[Start of Attachment]
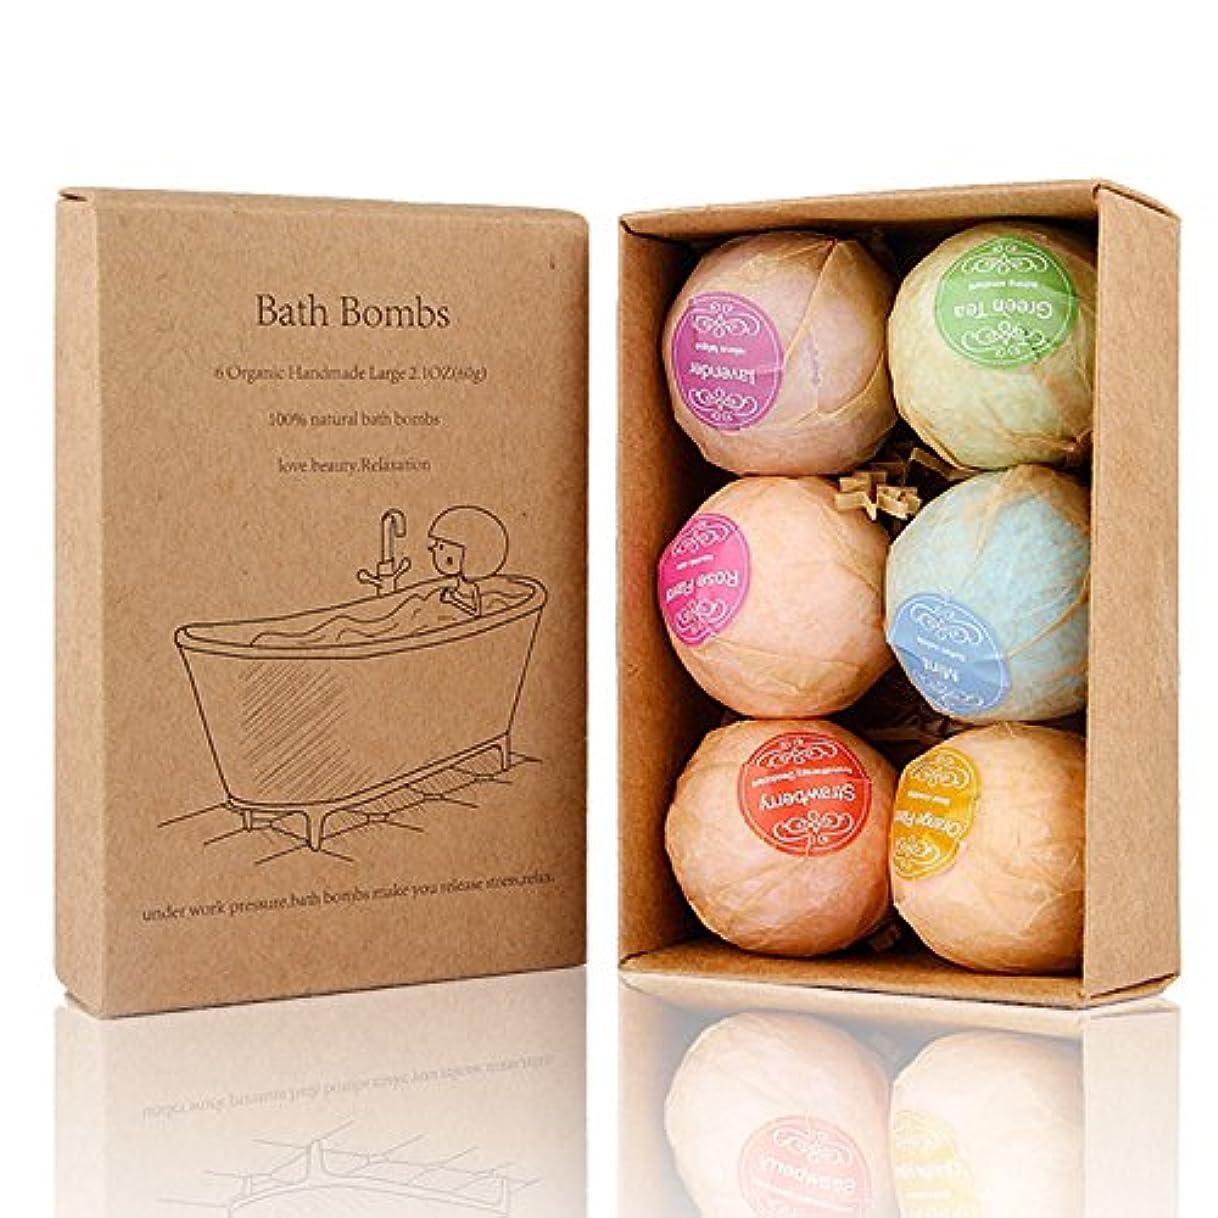 ダブル製作選挙Bath Bomb, 温泡 入浴剤 ギフトセット6個入り, Perfect for Bubble & Spa Bath Ultra Lush Bath Fizzies
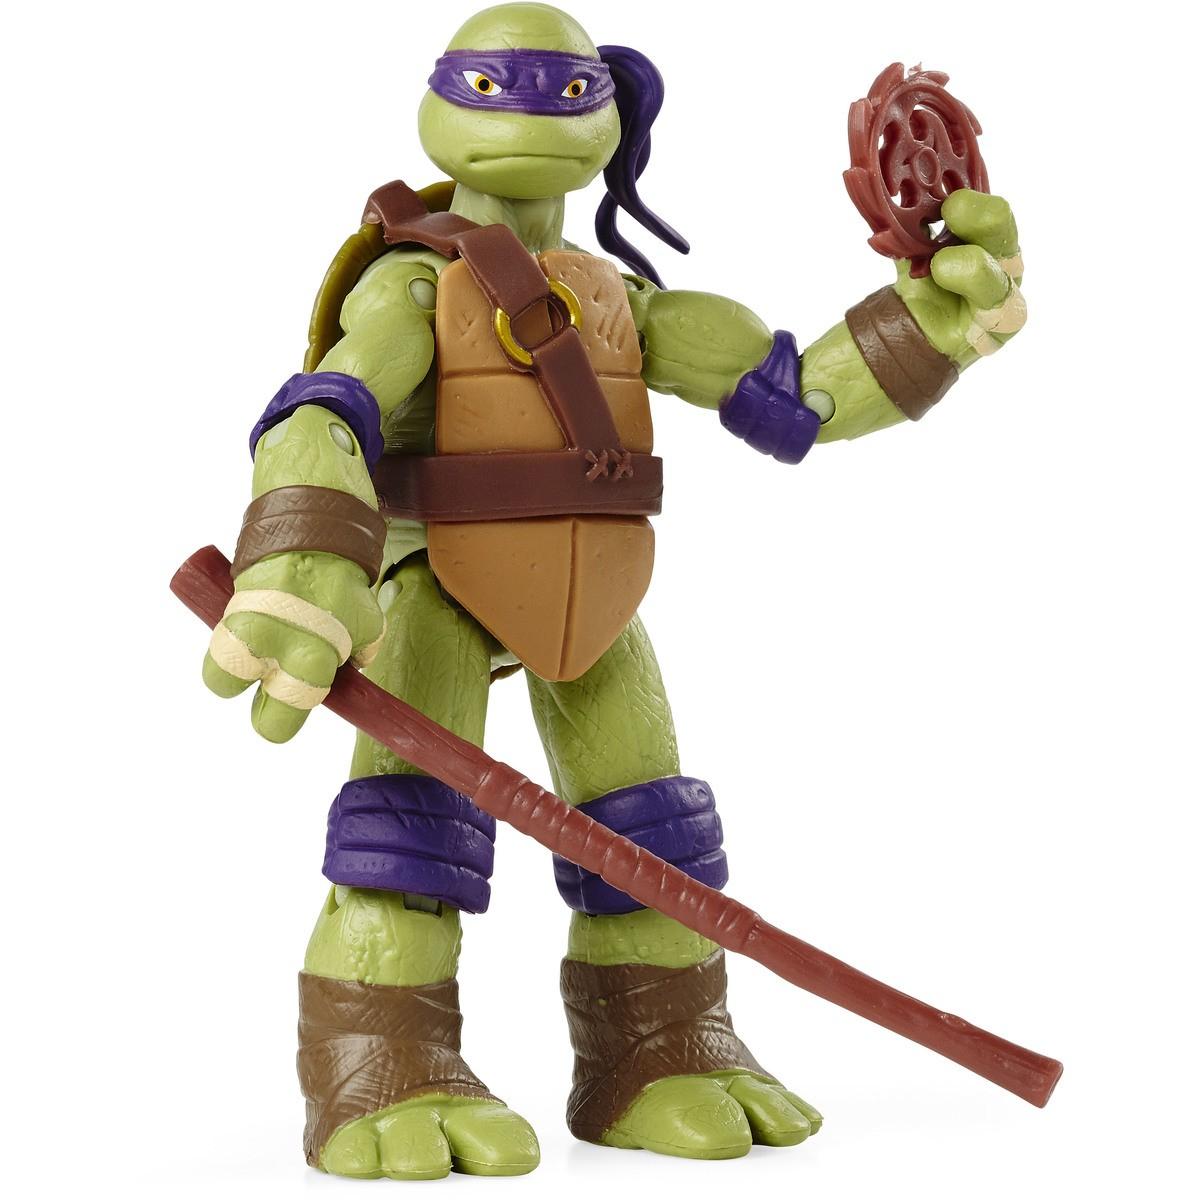 teenage mutant ninja turtles basic figure - assorted* | big w
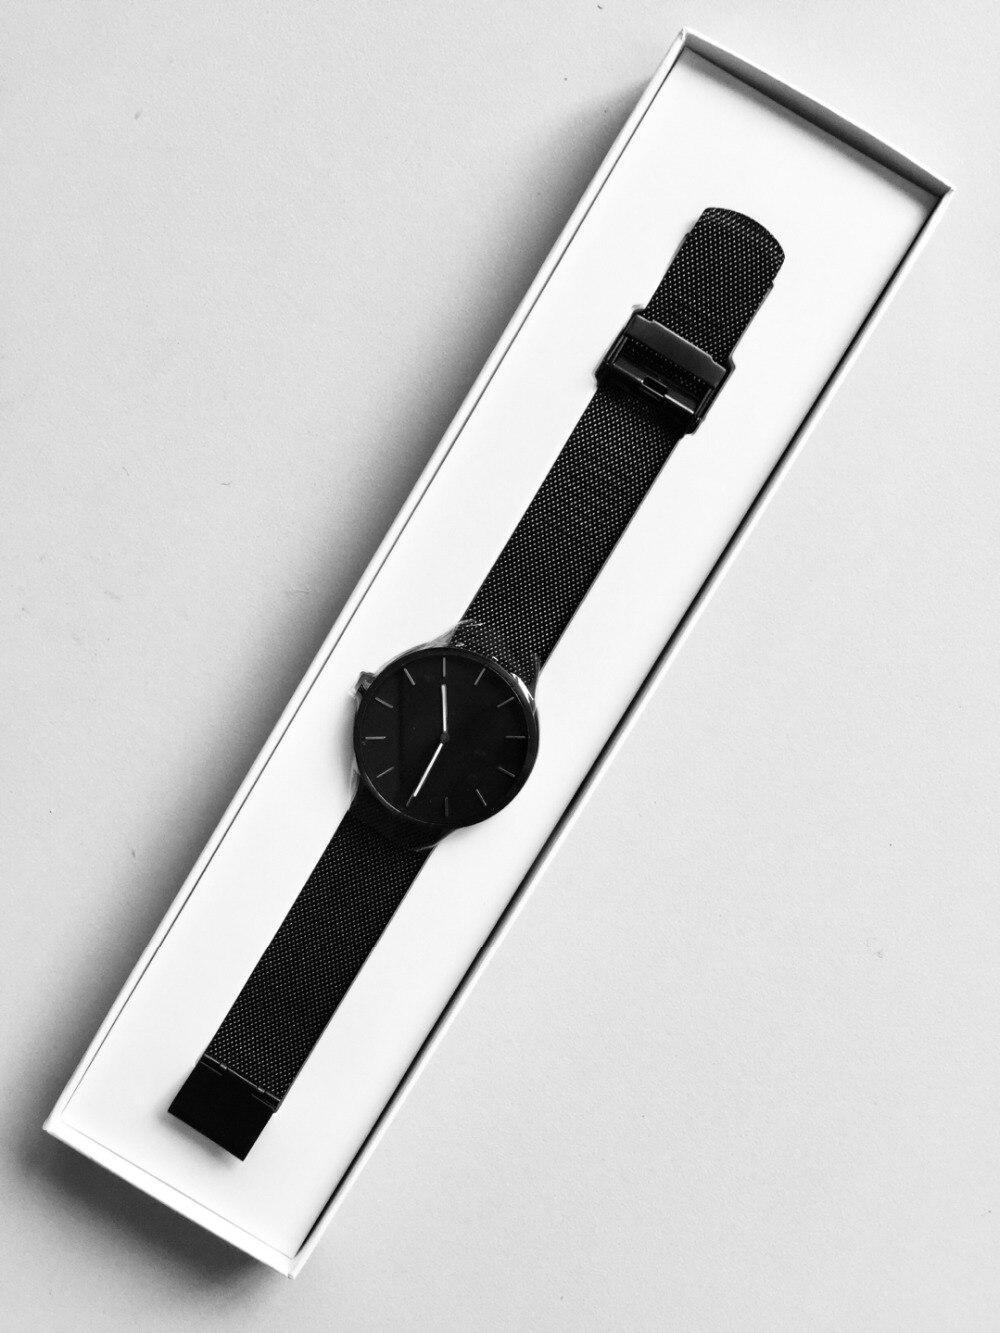 Nơi bán Đồng hồ Xiaomi Mijia TwentySeventeen unisex cho nam và nữ
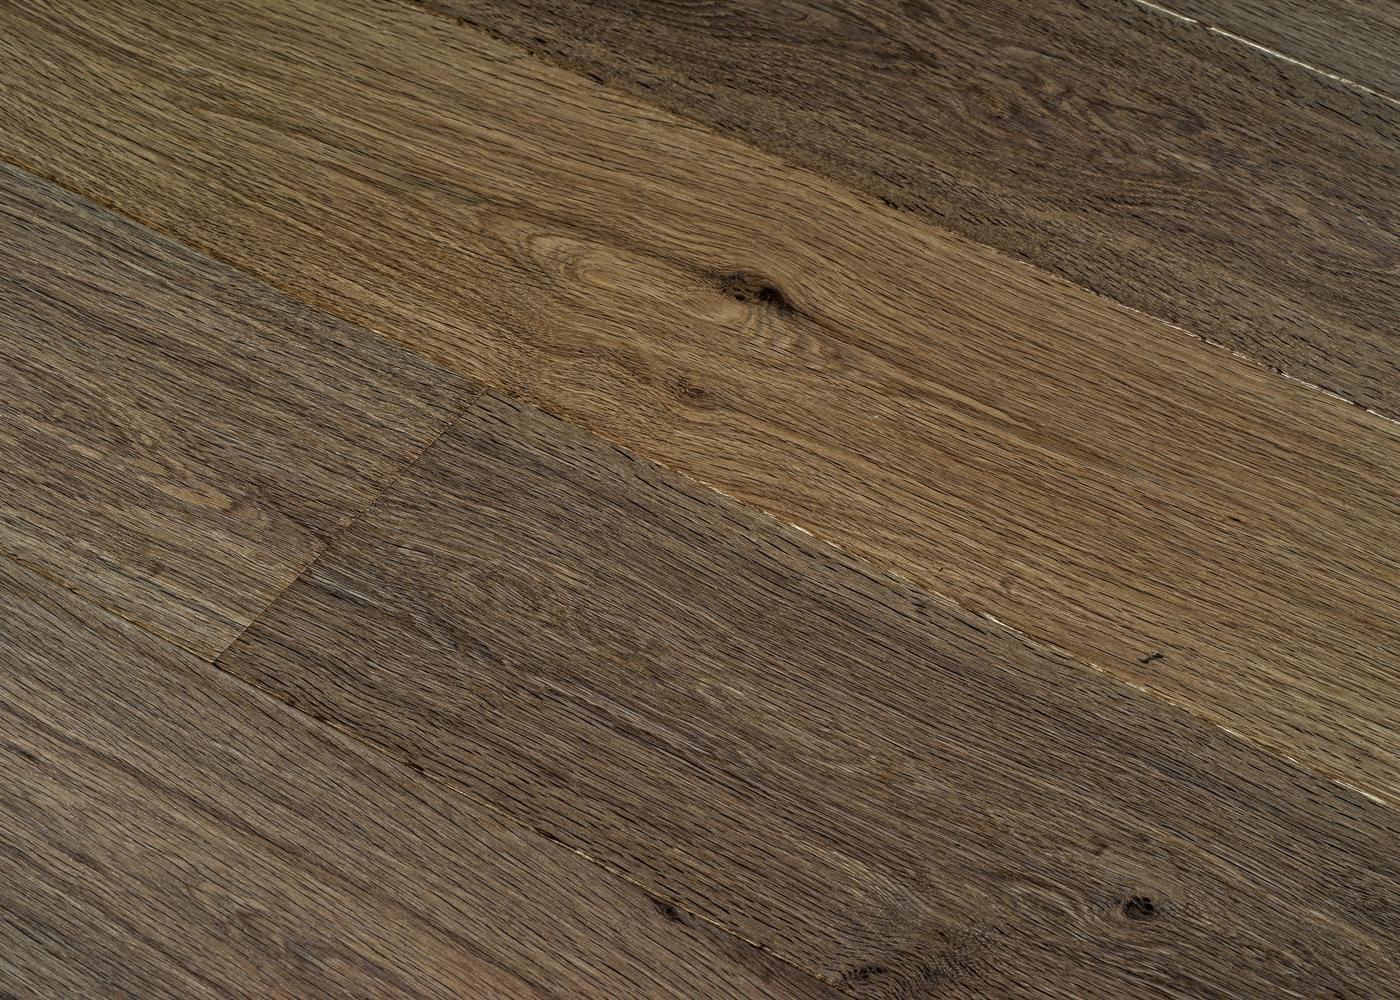 Parquet chêne contrecollé ÉCORCE Mélange 50% PRBis, 50% Matière 12x160x1000-2000
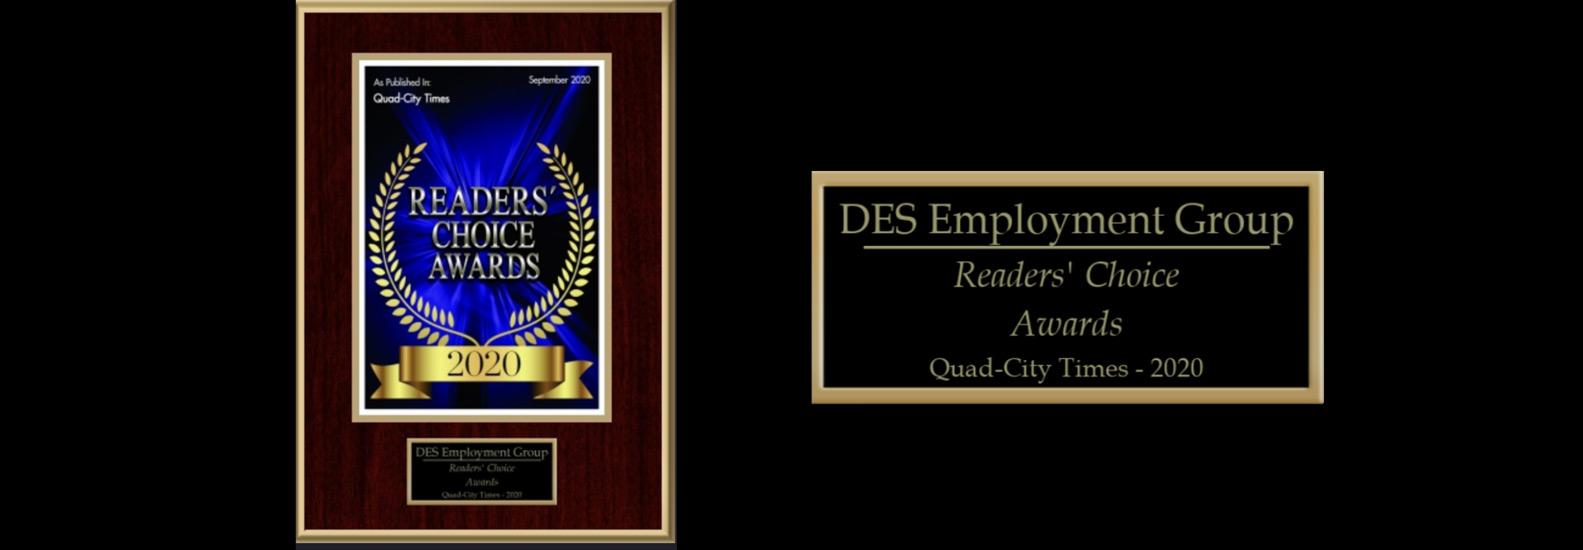 des-employeement-group-slider4
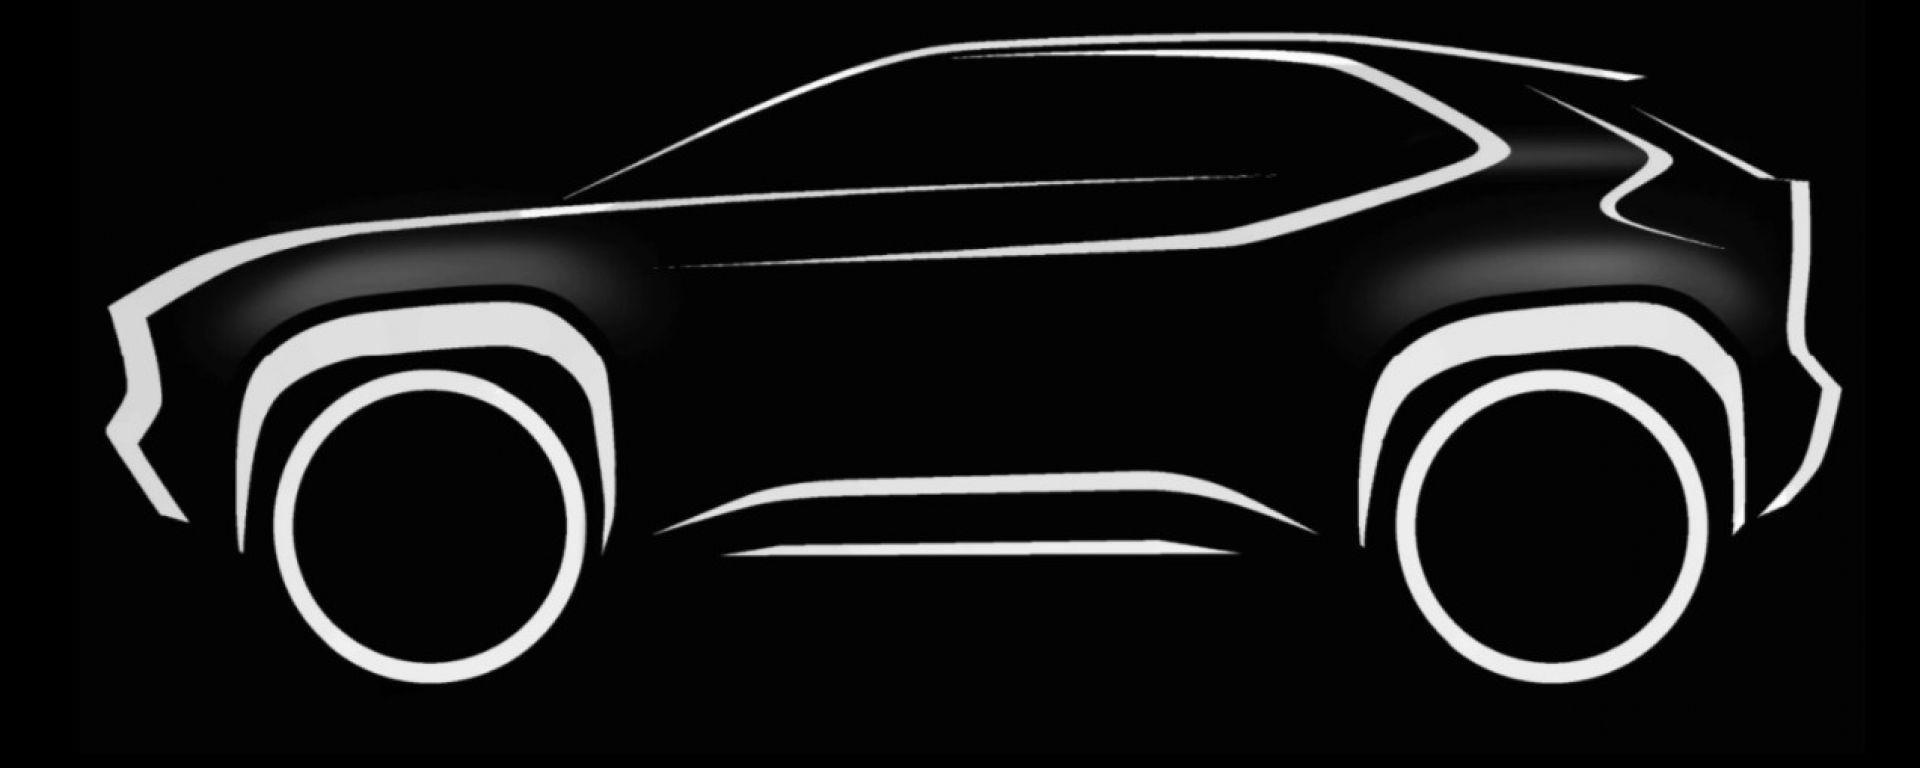 Toyota Yaris Suv, la sagoma sarà (più o meno) così
[End of Attachment]
• Problem to work on: From the line containing "Parquet chêne contrecollé" through the end of the entries, quote each line exactly and nothing else, excluding all pictures.

• Answer to the problem:
 Parquet chêne contrecollé ÉCORCE Mélange 50% PRBis, 50% Matière 12x160x1000-2000
 des-employeement-group-slider4
 Toyota Yaris Suv, la sagoma sarà (più o meno) così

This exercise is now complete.